Carbon (II) oxide notes for secondary schools

CARBON (II) OXIDE

Laboratory preparation

  1. Dehydration of methanoic acid using concentrated sulphuric (VI) acid

HCOOH (s) → CO (g) + H2O (l)

  1. If sodium methanoate is used it is first converted to methanoic acid

HCOOH (s) + H2SO4 (l) → HCOOH (l) + NaHSO4(s)

Methanoic acid produced is then dehydrated to carbon (II) oxide.

  1. Dehydration of ethanedioic acid (oxalic acid)

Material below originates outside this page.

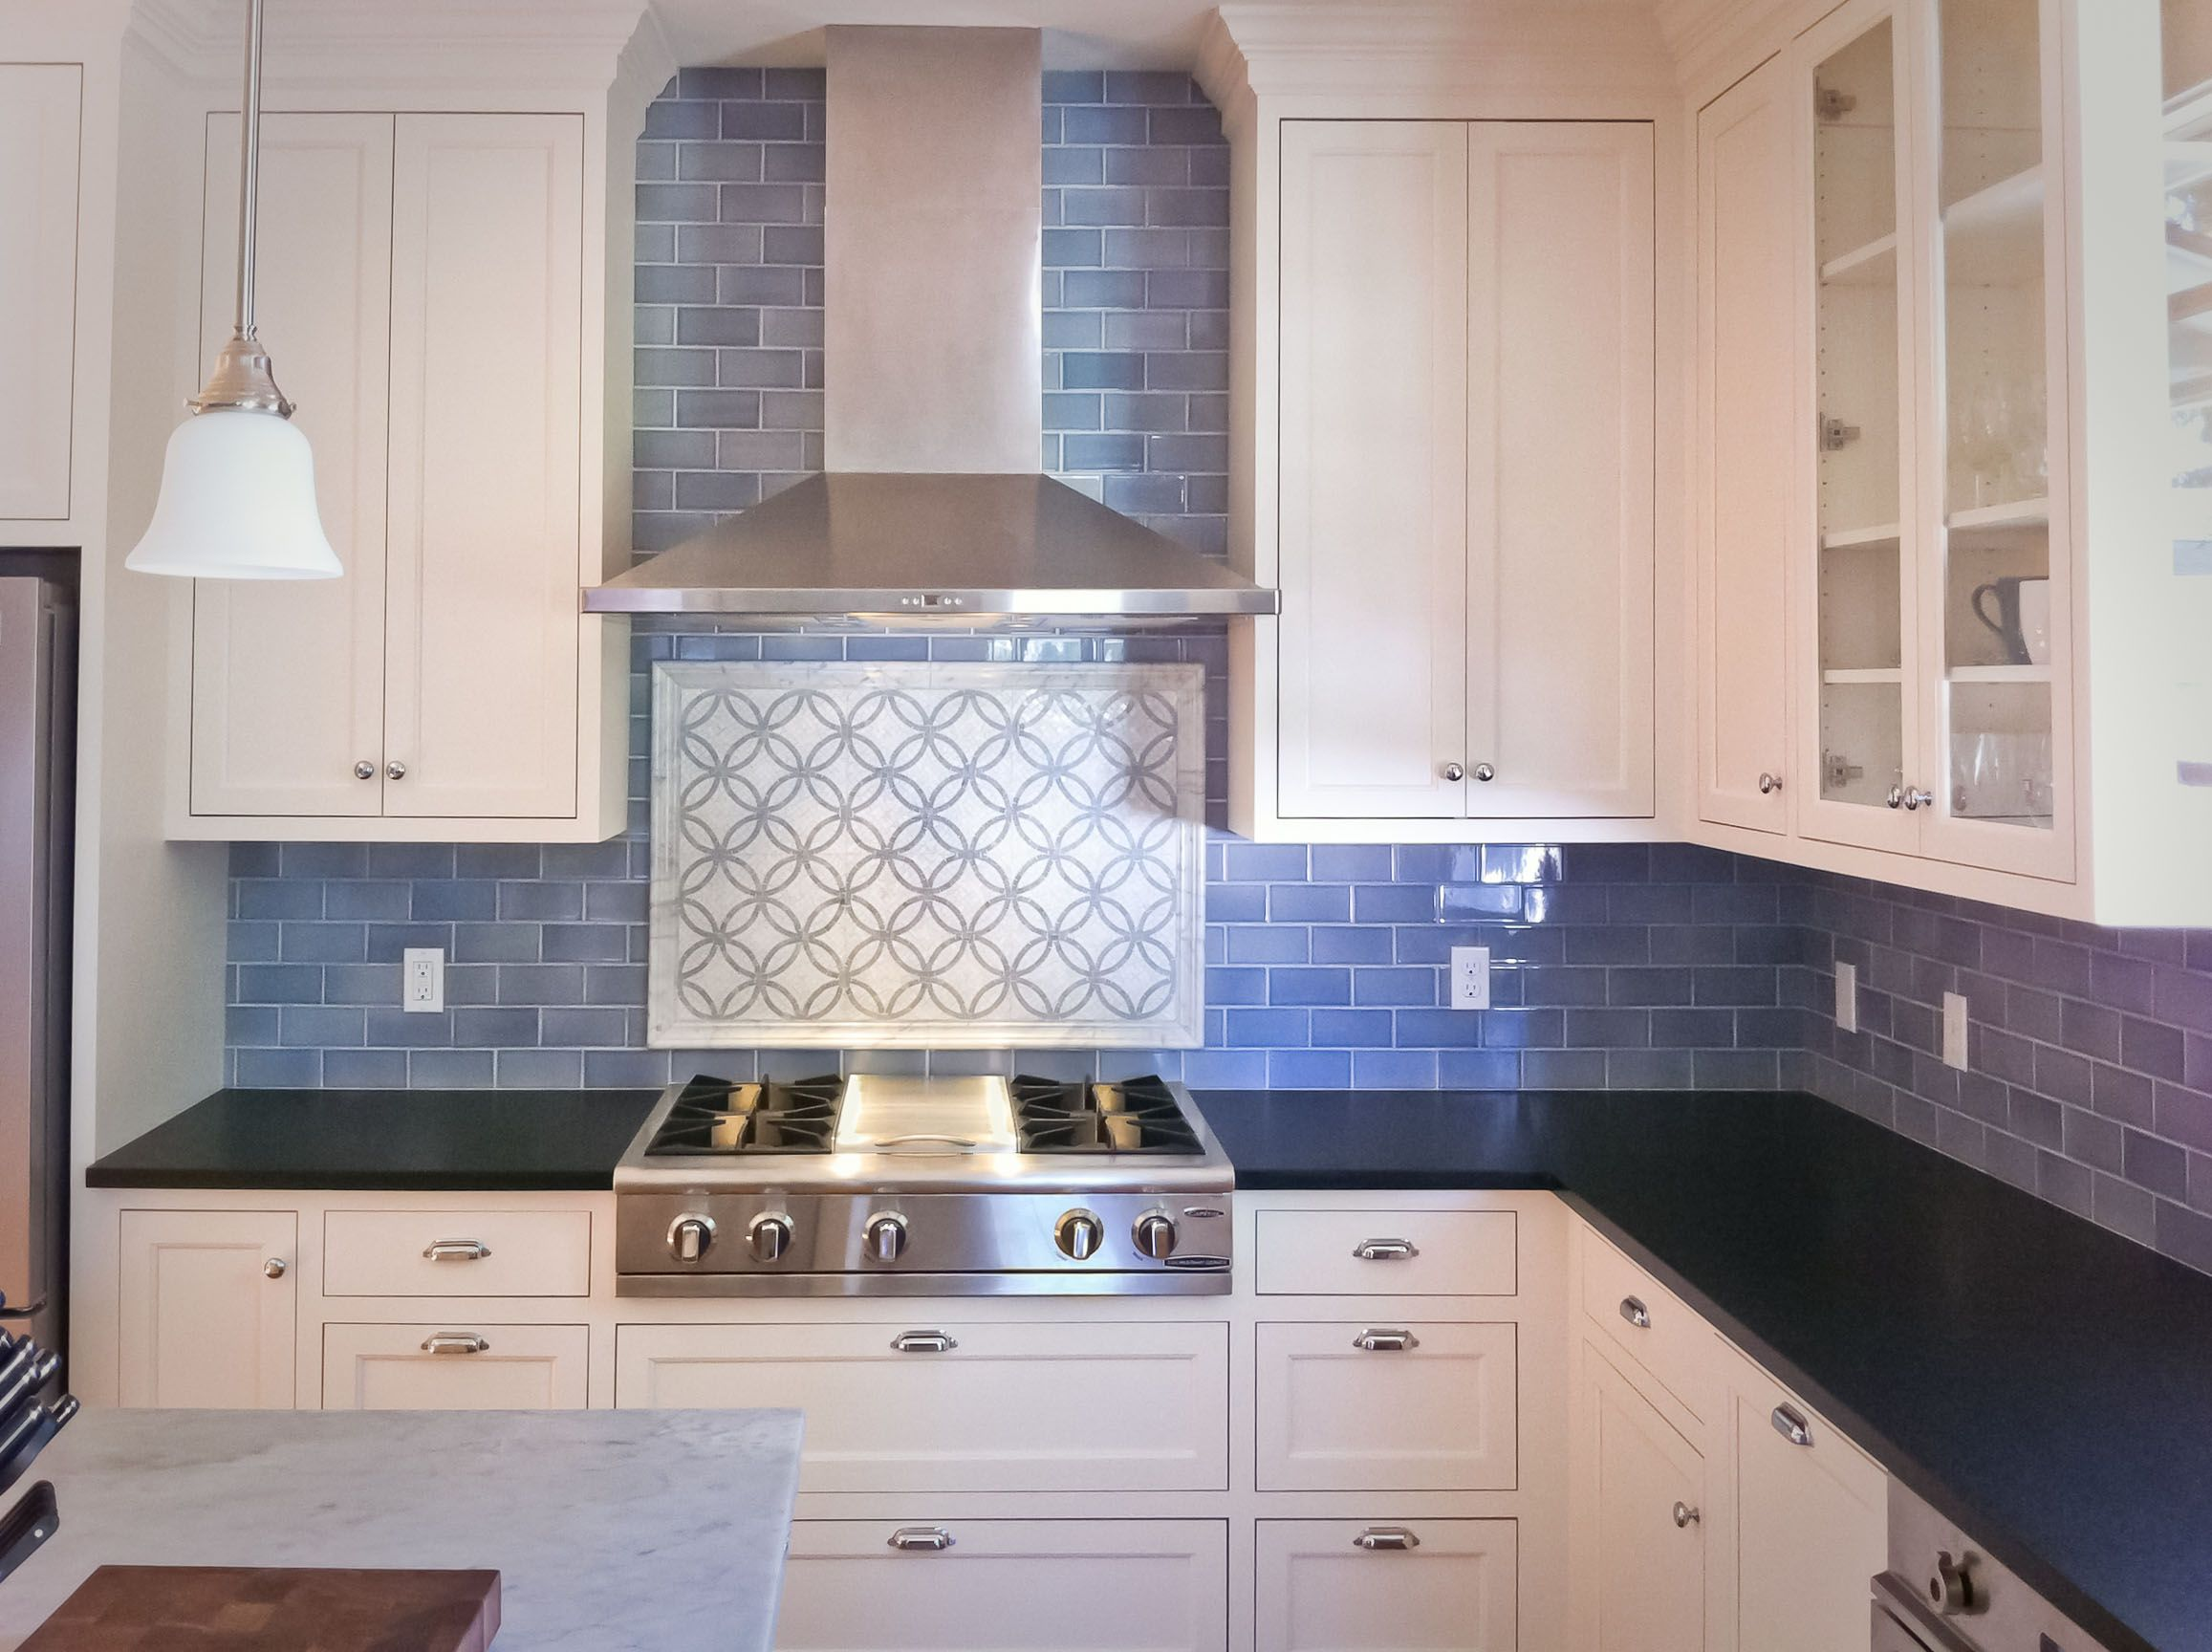 mosaic tile kitchen backsplash backsplash tiles for kitchen Projects Smithcraft Fine Construction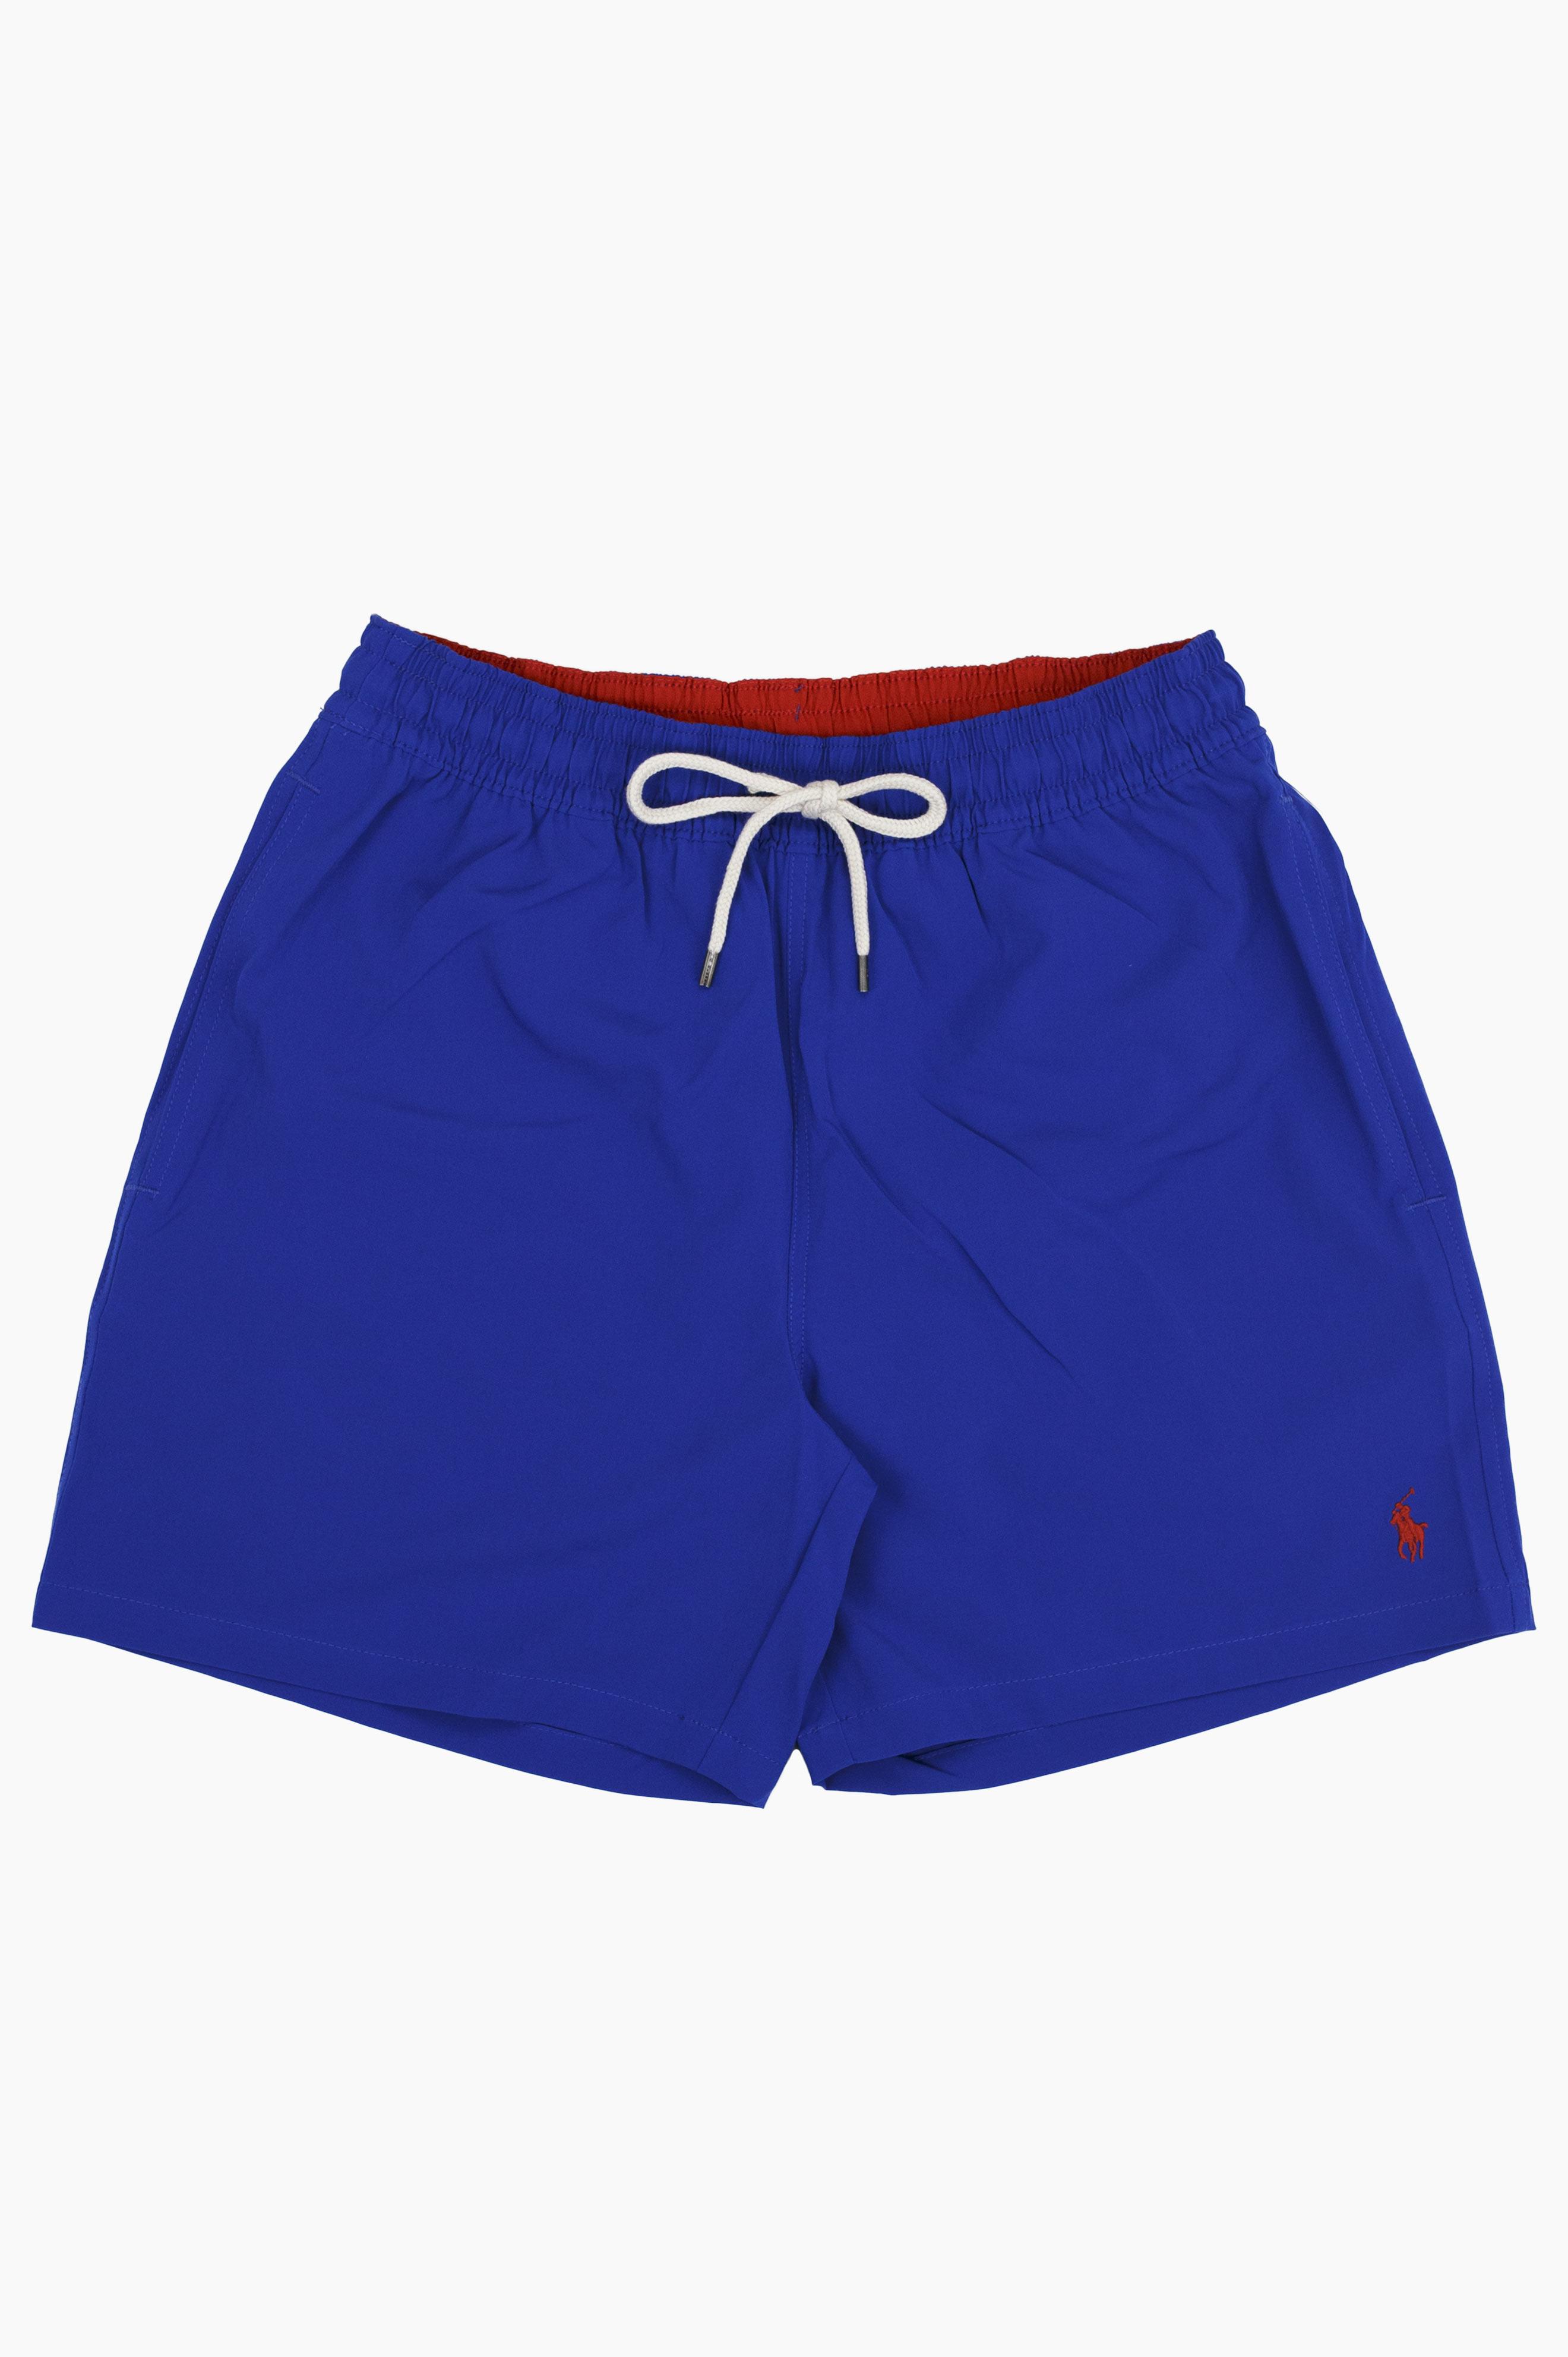 Traveler Swim Shorts Blue

H2C2O4 (s) → CO (g) + CO2 (g) + H2O (l)

The reaction also produces carbon (IV) oxide therefore the gas produced is passed through concentrated sodium hydroxide or concentrated potassium hydroxide to remove carbon (IV) oxide.

  1. Another method is passing carbon (IV) oxide through heated charcoal

A stream of carbon (IV) oxide is passed over strongly heated charcoal

C (s) + CO2 (g) → 2CO (g)

Any unreacted CO2 (g) is absorbed in potash solution (potassium hydroxide solution)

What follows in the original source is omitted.